他向后靠进椅背,合眼将半月来的线索在脑中铺开:
无人见她购粮,无人见她领票,无人见她借米讨面。
可她气色日渐润泽,发丝有了光泽,旧衣虽破,却洁净板正,连补丁都针脚密实。
炉膛清灰不见半点肉骨鱼刺。
一个无依无靠的孤女,活得比许多双职工家庭还齐整光鲜。
这绝非一句“省吃俭用”能盖过。
他睁开眼,目光扫过桌角的通话器。
按规程,此刻该破门而入,翻箱倒柜。
但他指节曲起,终未动作。
打草惊蛇,乃大忌。他不想惊动一只已踏入视线的猎物,尤其当这猎物身后,或许还牵着更深的线。

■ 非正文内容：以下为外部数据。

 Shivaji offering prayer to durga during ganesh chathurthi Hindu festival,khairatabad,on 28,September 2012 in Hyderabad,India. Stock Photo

他起身再次走到窗边。家属院的小径覆着薄雪,孩童嬉闹声遥远模糊。三号楼静立一隅,七号院门扉紧闭,烟囱无声。
太平静了。
他转身,目光落回抽屉深处那只档案袋。
现在收网,太早。证据仍散碎,动机未明。若她只是个极度擅于持家的普通女子,这番动作反显他多疑。
但他心底清楚,错觉的概率很小。
有些人安静,是出于怯懦。
有些人低调,是源于无力。
可颜秀雨的静,透着一股沉着的掌控——她清楚每一步的落点,也懂得如何避开所有视线。
这种人,不会无缘无故染上肉香和洋糖的痕迹。
第七日晨,小陈再报。
“邻人A反映,近日未闻其家有烹炒声,灶台使用稀少;
清洁工称,该户每周只倒一次垃圾,内容始终为煤渣废纸;
另,昨夜巡逻记录:屋内灯光于凌晨一点十五分熄灭,今晨无晾晒衣物,但晾绳上有未干水痕,似夜间浣过小件。”
沈胤川听完,未置一词,只将纸条收入袋中。
他走到窗前。远处,几个孩童正在雪地里追逐笑闹。三号楼的那扇窗后,却依旧是一片过分的整洁和安静。
正常得令人心生疑窦。
他负手而立,目光掠过那平整的后院墙角——只有贴近墙根的一小块地,颜色深了些许,像是新土被悄然压实。
风掠过院墙,卷起些许浮尘,轻轻扑在斑驳的砖缝上。
一只麻雀跳下来,啄了啄地,又振翅飞走。